In 1943 Walter Baade was the first to discern stars within the central region of the Andromeda galaxy, and he also demonstrated that there were two types of cepheids, which meant doubling their distance to a value already very close to that currently accepted.

Recent observations from the Spitzer space telescope revealed that Andromeda contains one billion stars, exceeding by ten times the number of stars in our galaxy, the Milky Way.

The Hubble Space Telescope has revealed that the Andromeda M 31 galaxy has a double core. This suggests that either it actually has two bright nuclei, probably because it has "eaten" a smaller galaxy that was once introduced to its center, or that parts of its only nucleus are obscured by dark material.

The Andromeda Galaxy can be seen with the naked eye in a dark sky from places far away from sources of light pollution.

A night similar to the one seen in the figure on the right, but a little later and when the moon is gone. As dark as possible.
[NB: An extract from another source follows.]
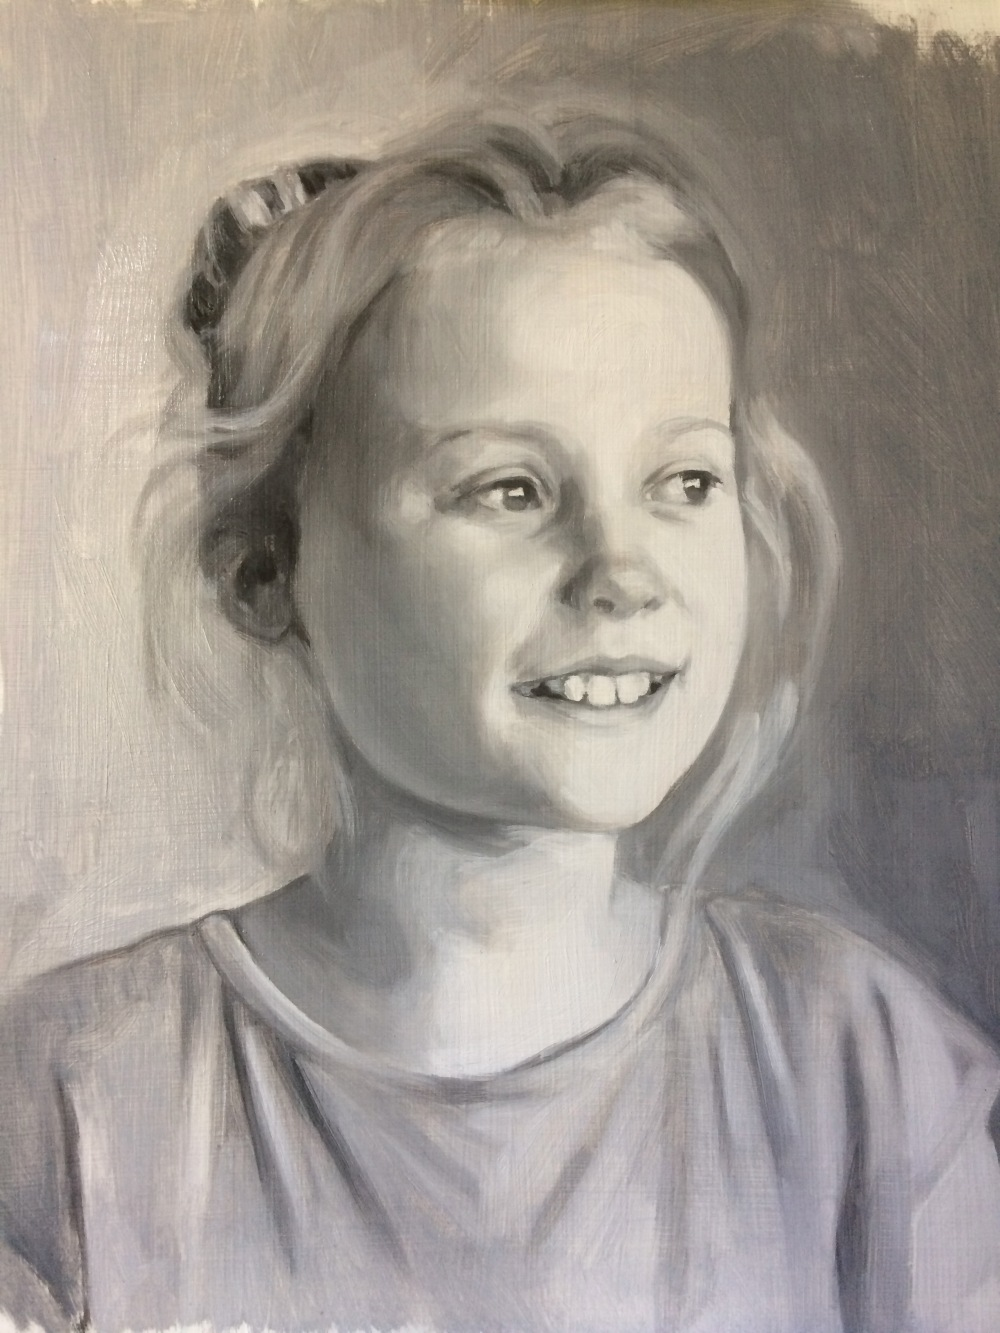 Custom portrait commission of a girl laughing, child portrait in oil paint by portrait painter and artist Matt Harvey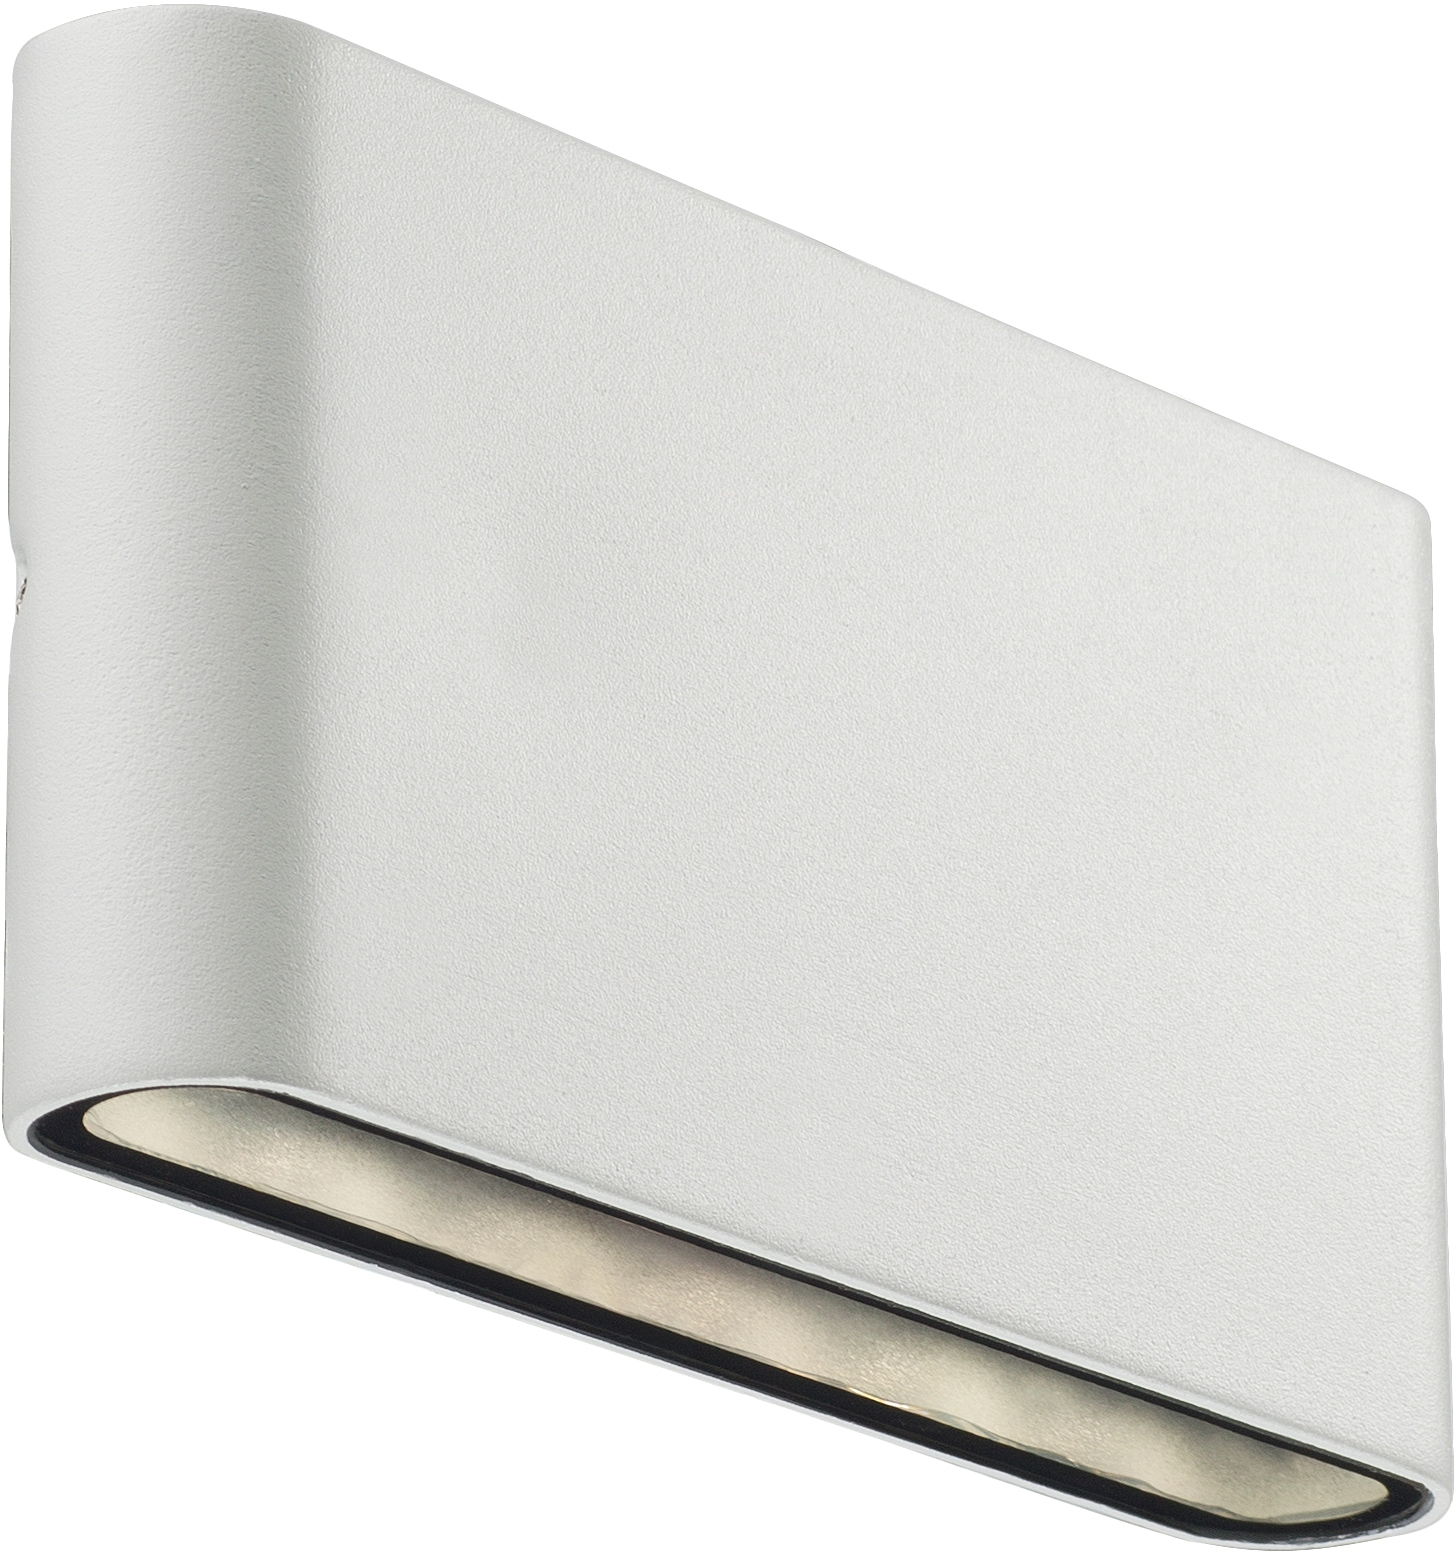 Nordlux LED Außen-Wandleuchte Kinver, LED-Board, Warmweiß

To the naked eye it seems quite small, as the eye can only pick up the central part which is bright enough. But the full angular diameter of the galaxy is actually seven times that of the full moon as seen from the earth.

If you have binoculars or a telescope with a few magnifications, you can see not only its central region but also the rest of the galaxy.

With a small telescope and in good dark conditions, it is even possible to distinguish its two closest satellite galaxies (M32 and M110).